The Smiths were unable to conceive children and decided to
use a surrogate father to start their family. On the day the proxy
father was to arrive, Mr. Smith kissed his wife goodbye and said,
"Well, I'm off now. The man should be here soon." Half an hour later,
just by chance, a door-to-door baby photographer happened to ring
the doorbell, hoping to make a sale. Good morning, Ma'am", he said,
"I've come to...''Oh, no need to explain, " Mrs. Smith cut in, embarrassed,
"I've been expecting you." "Have you really?" said the photographer.
"Well, that's good. Did you know babies are my specialty?"
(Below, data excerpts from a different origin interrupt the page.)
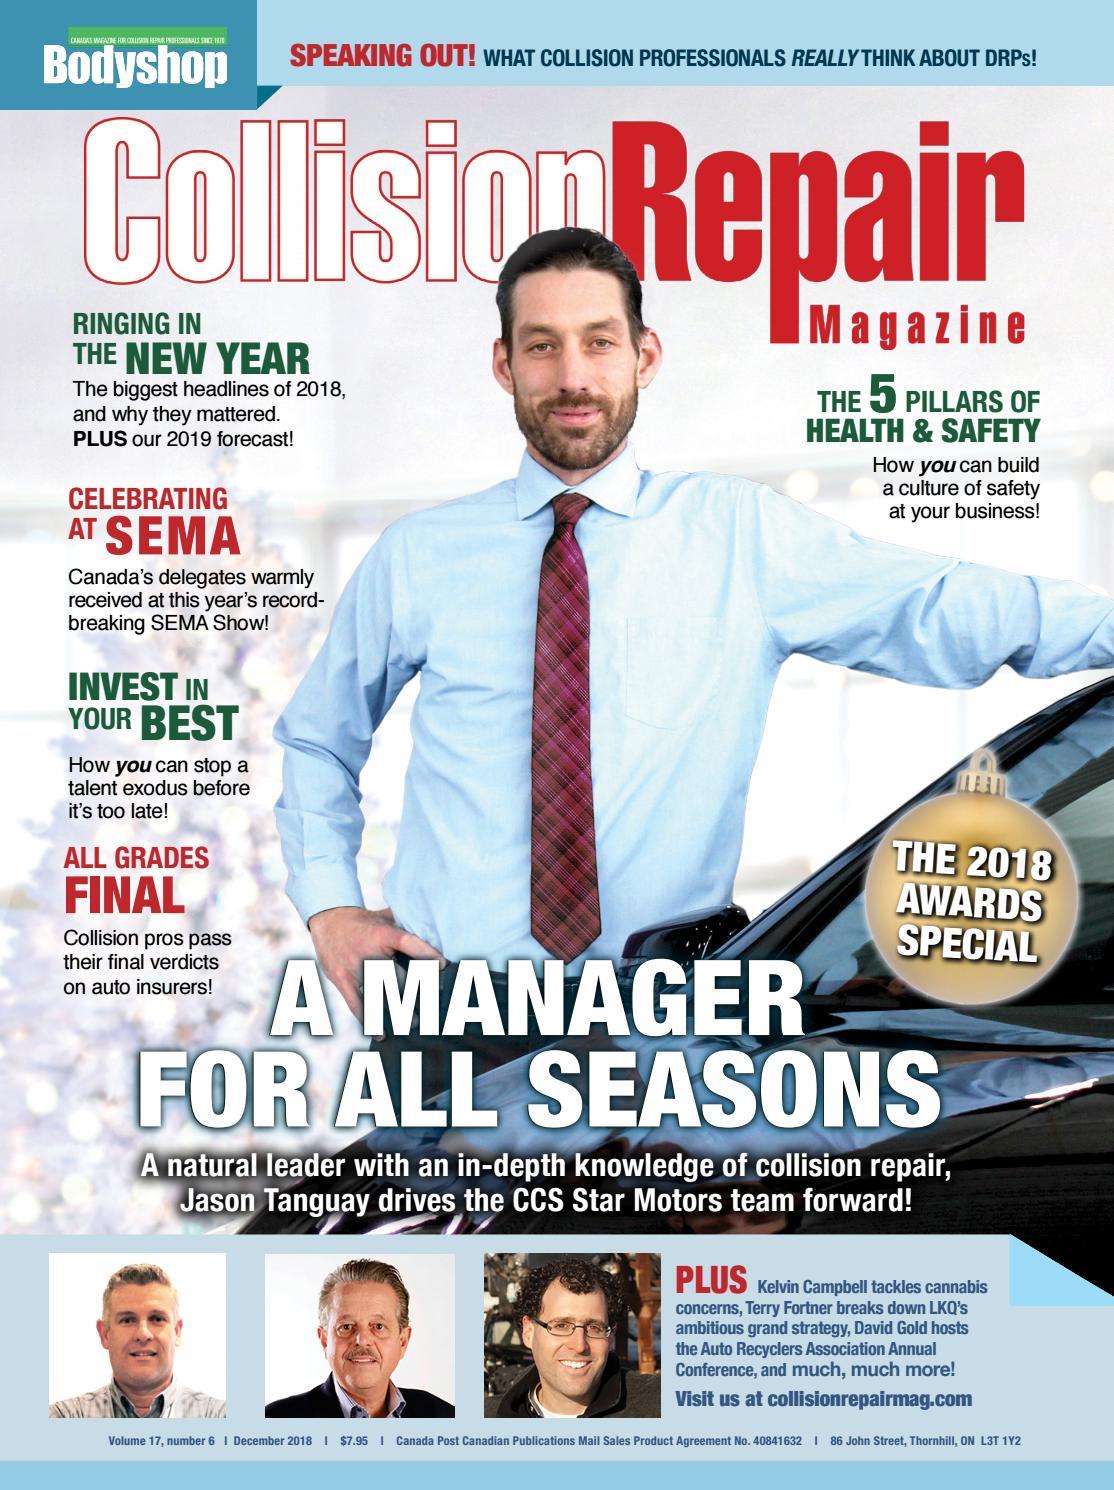 Collision Repair Magazine 17#6 by Media Matters - issuu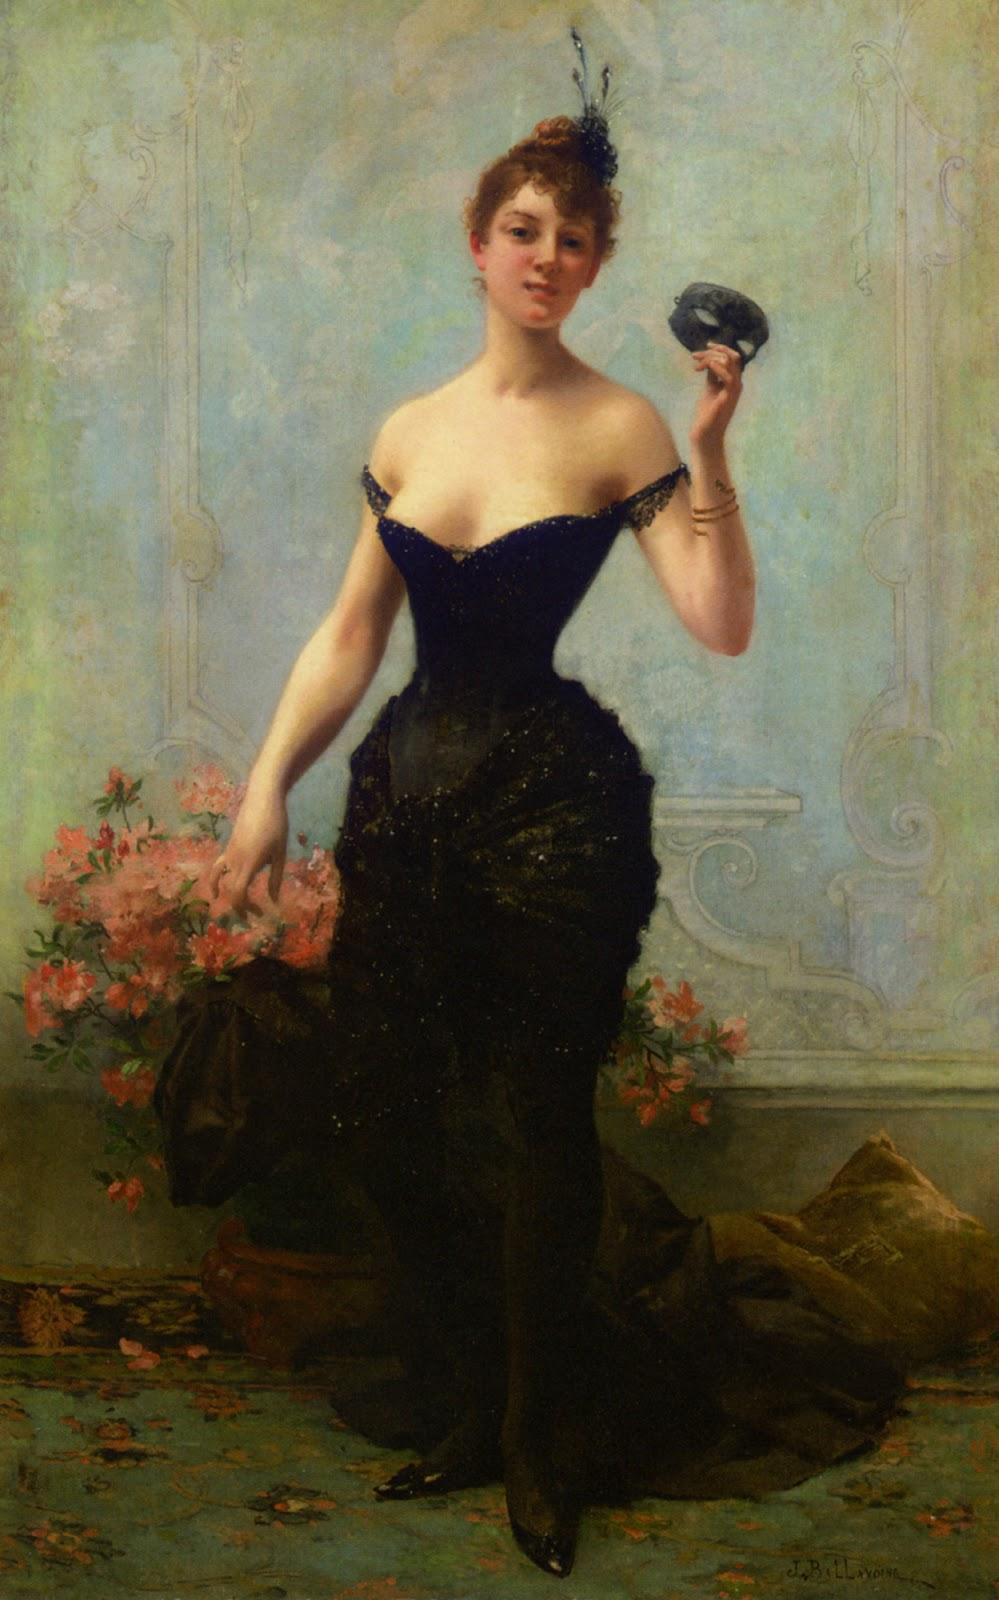 Jules Frederic Ballavoine (1855-1901)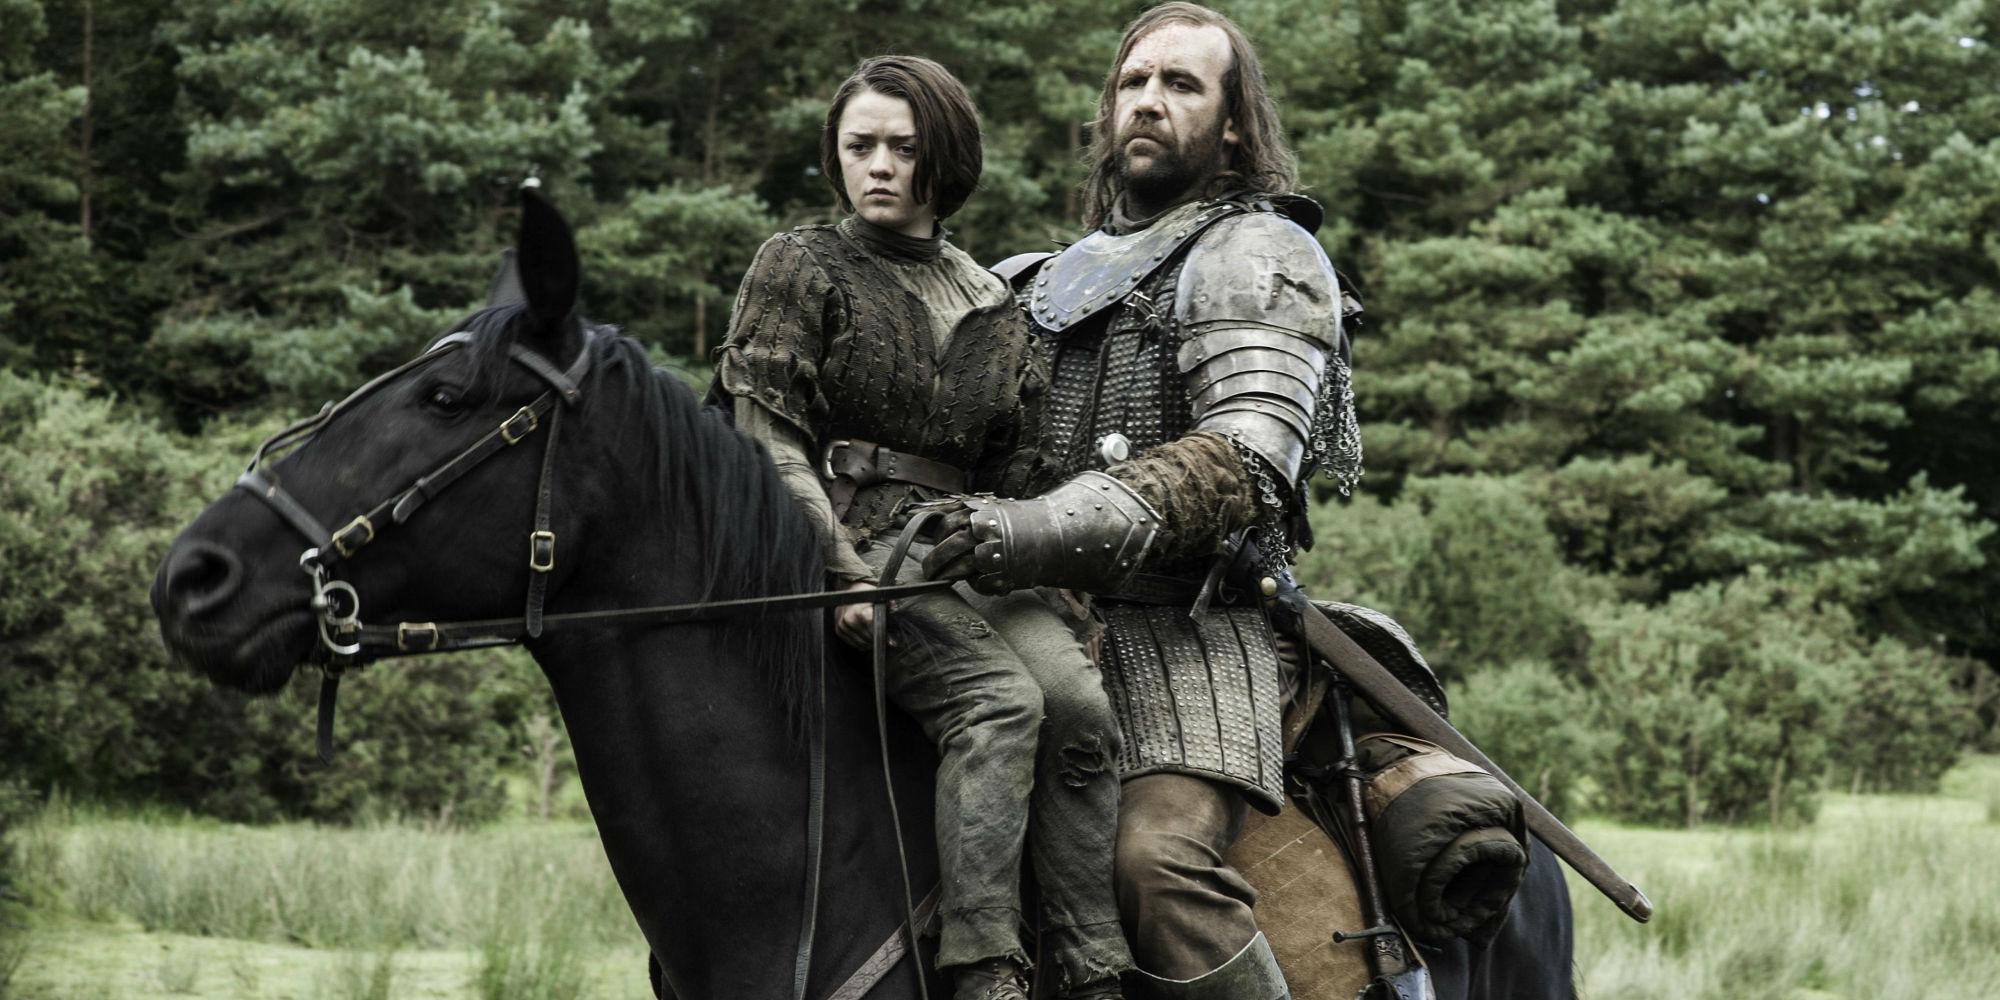 Game of Thrones - Hound and Arya

"Well that's what my husband and I had hoped. Please come
in and have a seat." After a moment she asked, blushing, "Well,
where do we start?" "Leave everything to me. I usually try two in the
bathtub, one on the couch, and perhaps a couple on the bed. And
sometimes the living room floor is fun. You can really spread out there."
"Bathtub, living room floor? No wonder it didn't work out for Harry and me!"
"Well, Ma'am, none of us can guarantee a good one every
time. But if we try several different positions and I shoot from six or
seven angles, I'm sure you'll be pleased with the results." "My, that's a lot!"
gasped Mrs. Smith. "Ma'am, in my line of work a man has to take his time.
I'd love to be in and out in five minutes, but I'm sure you'd be disappointed
with that." "Don't I know it," said Mrs. Smith quietly. The photographer
opened his briefcase and pulled out a portfolio of his baby pictures. "This
was done on the top of a bus," he said. "Oh my God!" Mrs . Smith exclaimed,
grasping at her throat. "And these twins turned out exceptionally well - when
you consider their mother was so difficult to work with." "She was difficult?"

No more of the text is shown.